But jealous of our god of dreams,
His common-sense in secret schemes
To rule the heart;
Unable to invent the lyre,
Creates with simulated fire
Official art.
And when he occupies a college,
Truth is replaced by Useful Knowledge;
He pays particular
Attention to Commercial Thought,
Public Relations, Hygiene, Sport,
In his curricula.
Athletic, extrovert and crude,
For him, to work in solitude
Is the offence,
The goal a populous Nirvana:
His shield bears this device: Mens sana
Qui mal y pense.
…
In our morale must lie our strength:
So, that we may behold at length
Routed Apollo’s
Battalions melt away like fog,
Keep well the Hermetic Decalogue,
Which runs as follows:–
Thou shalt not do as the dean pleases,
Thou shalt not write thy doctor’s thesis
On education,
Thou shalt not worship projects nor
Shalt thou or thine bow down before
Administration.
Thou shalt not answer questionnaires
Or quizzes upon World-Affairs,
Nor with compliance
Take any test. Thou shalt not sit
With statisticians nor commit
A social science.
Thou shalt not be on friendly terms
With guys in advertising firms,
Nor speak with such
As read the Bible for its prose,
Nor, above all, make love to those
Who wash too much.
Thou shalt not live within thy means
Nor on plain water and raw greens.
If thou must choose
Between the chances, choose the odd;
Read The New Yorker, trust in God;
And take short views.
W.H. Auden, Under Which Lyre, subtitled A Reactionary Tract for the Times, debuted as a Phi Beta Kappa Poem, Harvard, 1946.

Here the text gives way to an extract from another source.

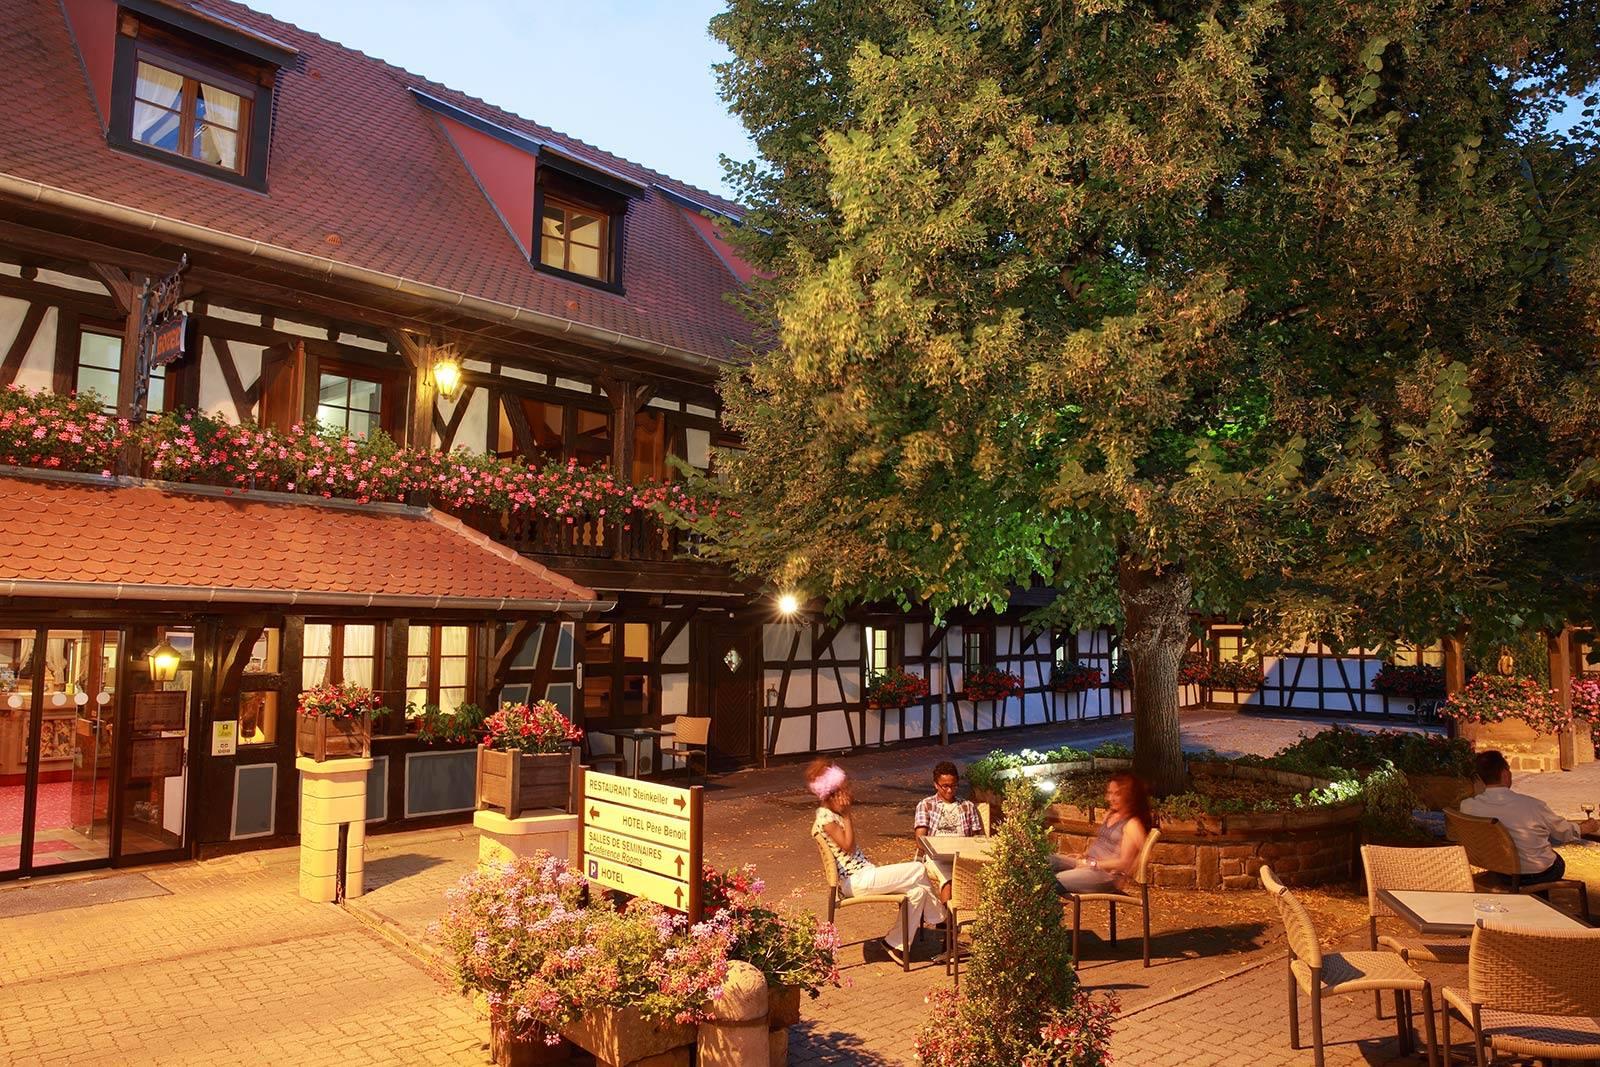 L'albergo nel meraviglioso borgo alsaziano (cit.)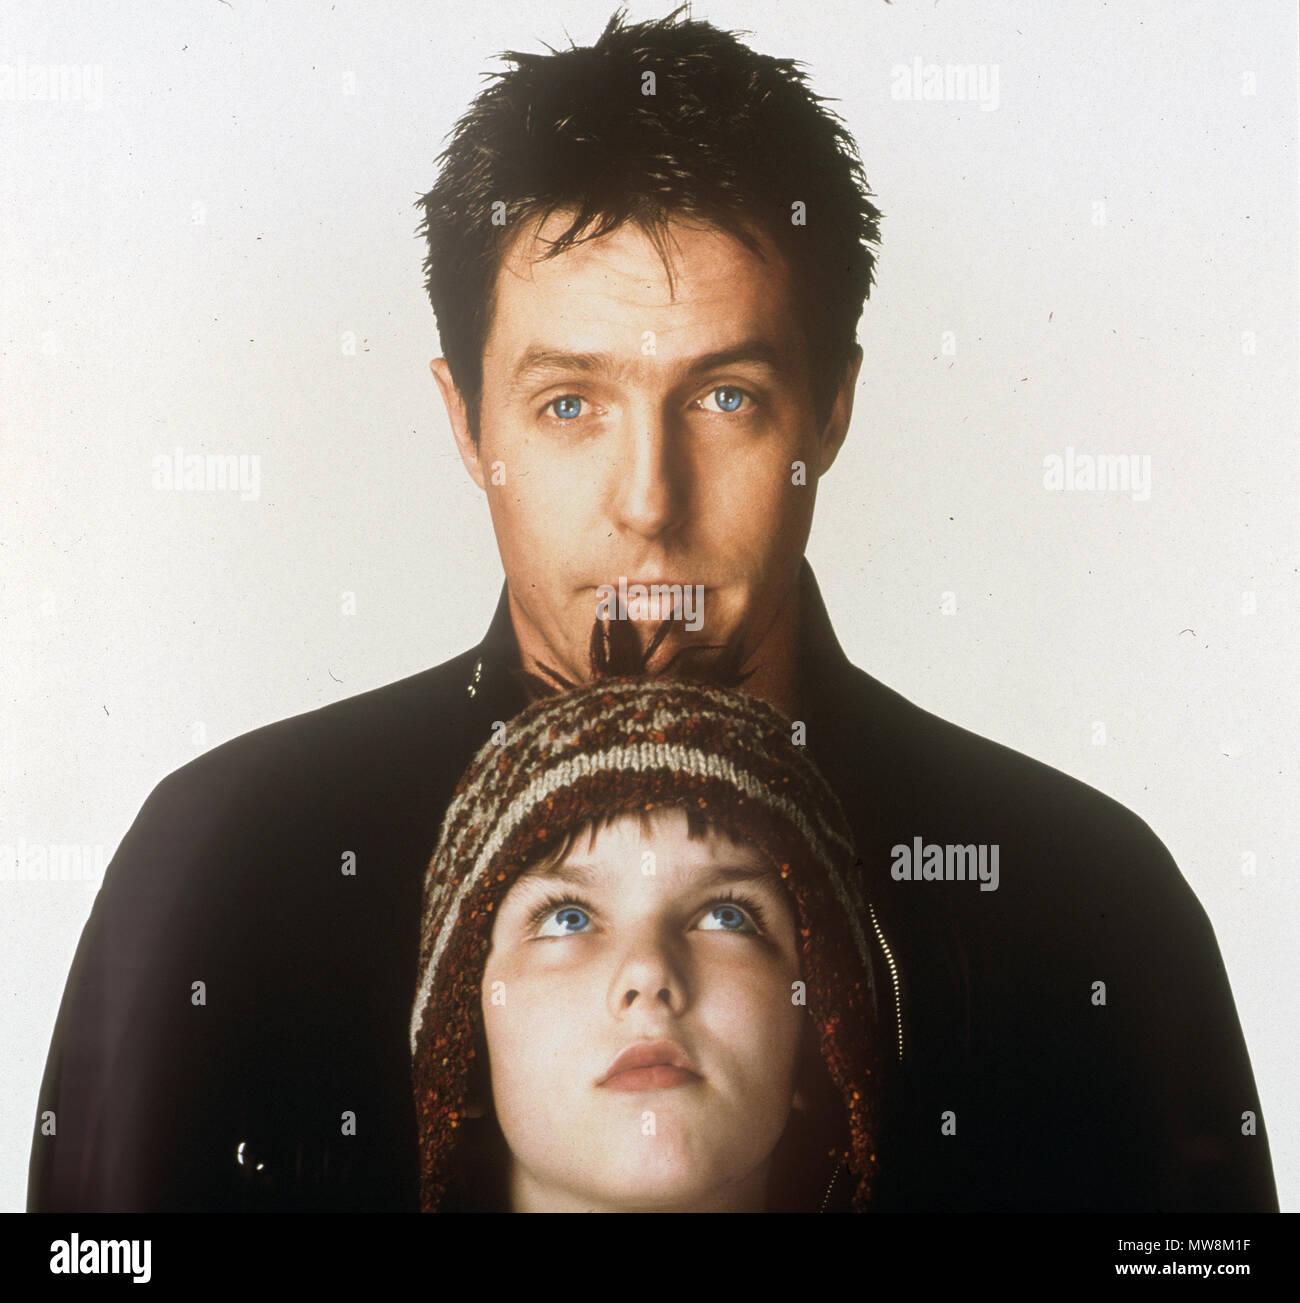 Über einen Jungen 2002 Universal Pictures Film mit Hugh Grant (oben) und Nicholas Hoult Stockfoto

During his visit, Auden met James Conant, then the president of Harvard and a man associated with the Apollonian transformation of the modern university, its remaking as a scientific-technical powerhouse with its old religious and humanistic purposes hollowed out. “‘This is the real enemy,’ I thought to myself,” Auden wrote of the encounter. “And I’m sure he had the same impression about me.”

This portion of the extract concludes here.